VLA Training on Robot in Isaac Lab
Training Vision-Language-Action models on a mobile manipulator robot in NVIDIA Isaac Lab for autonomous retail shelf manipulation tasks.
Overview
This project builds a full training pipeline for Vision-Language-Action models within NVIDIA Isaac Lab. The simulated environment replicates a retail grocery aisle where a mobile manipulator must respond to natural language commands and execute the corresponding manipulation sequence.
VLA models combine vision encoders, language understanding, and action prediction into a unified architecture, enabling generalist robot policies that can follow open-ended instructions.
Software Architecture
The simulation environment is built in Isaac Lab using USD-based scene composition. The robot model (mobile base + 6-DOF arm with gripper) is imported from URDF and configured with accurate physics properties and articulation drives.
Training uses a combination of imitation learning from teleoperated demonstrations and reinforcement learning for policy refinement.
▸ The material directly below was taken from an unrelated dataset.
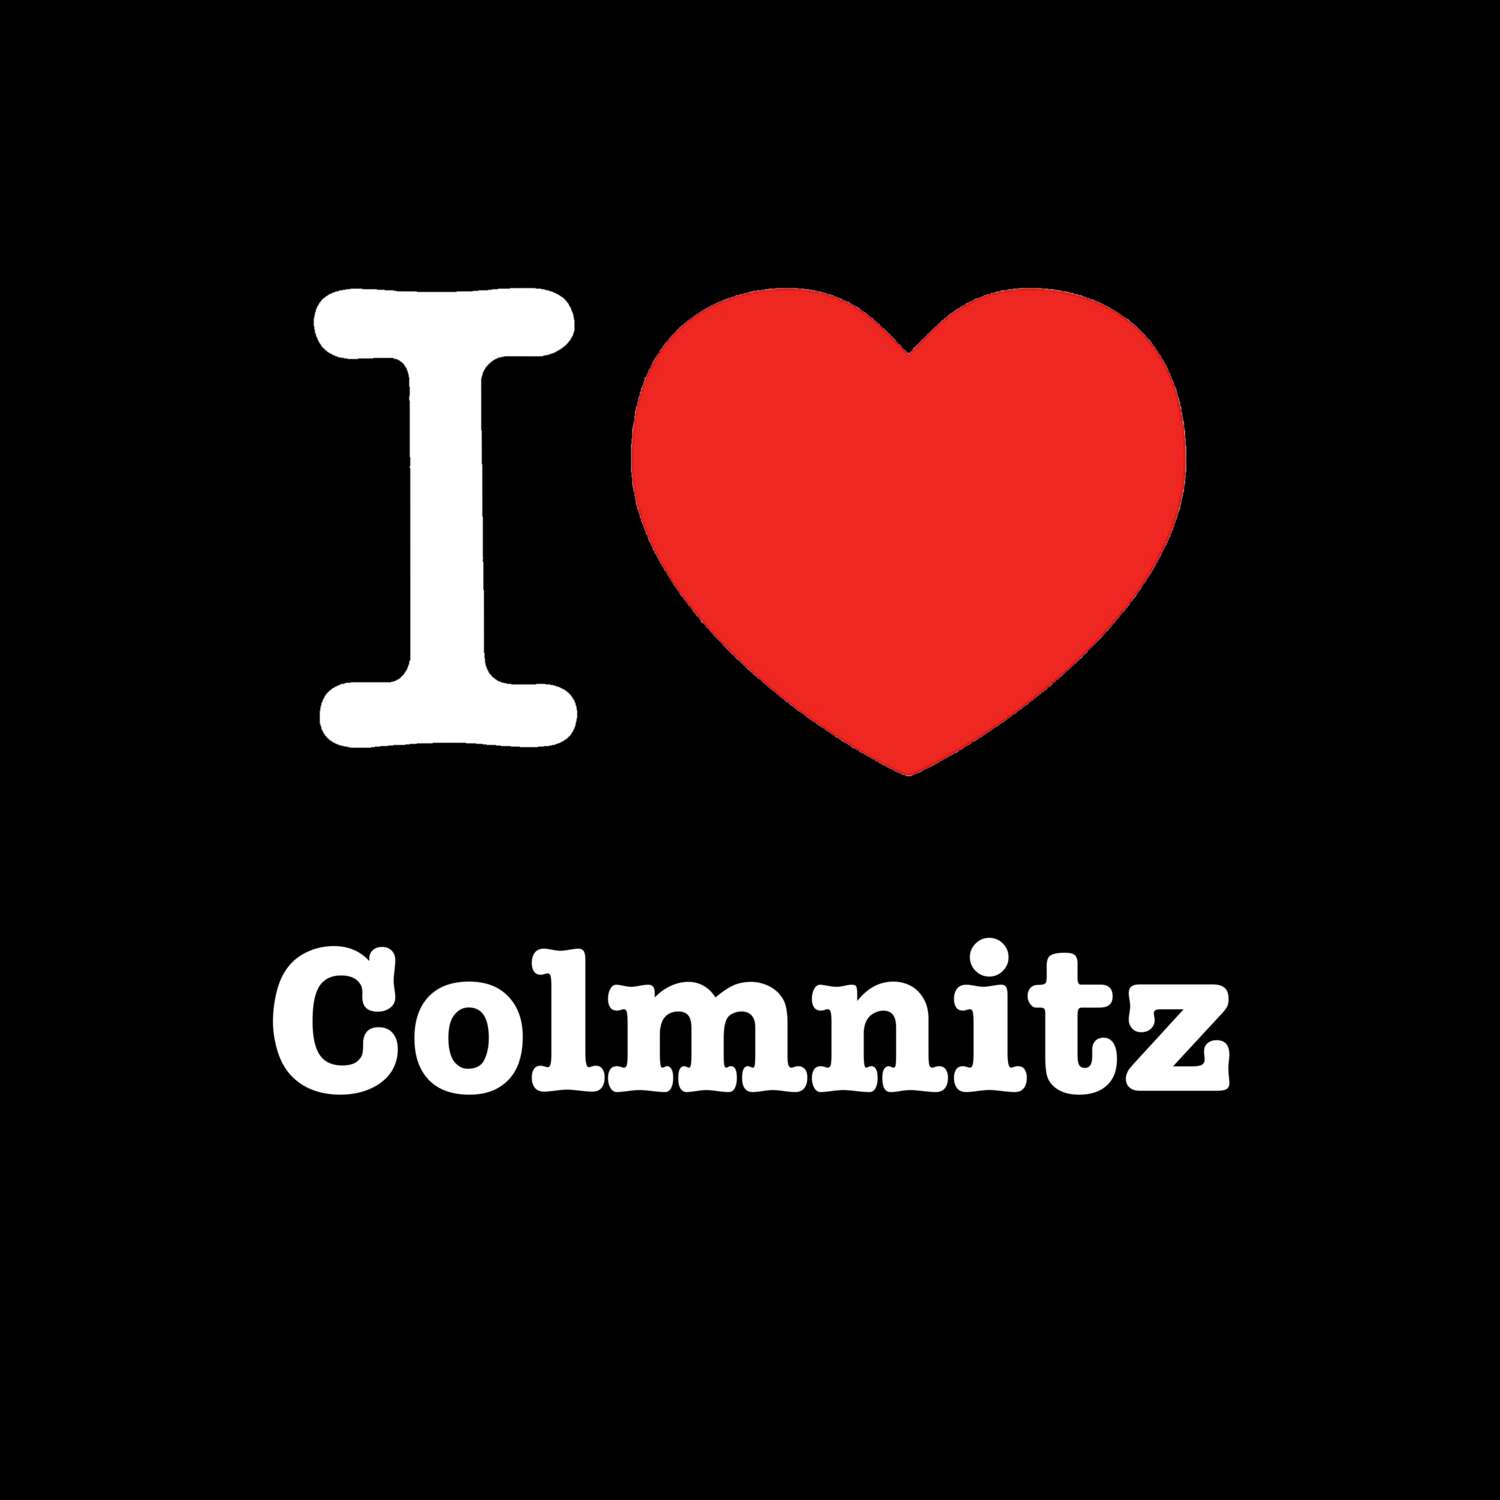 Colmnitz T-Shirt »I love«

Domain randomization is applied to lighting, object textures, positions, and robot dynamics to improve sim-to-real transfer.
Results & Achievements
Ongoing training has demonstrated the robot successfully interpreting shelf manipulation commands and executing pick-and-place sequences in simulation. Domain randomization significantly improved policy robustness across varied object placements. The pipeline is designed for eventual deployment on physical hardware for real-world retail automation tasks.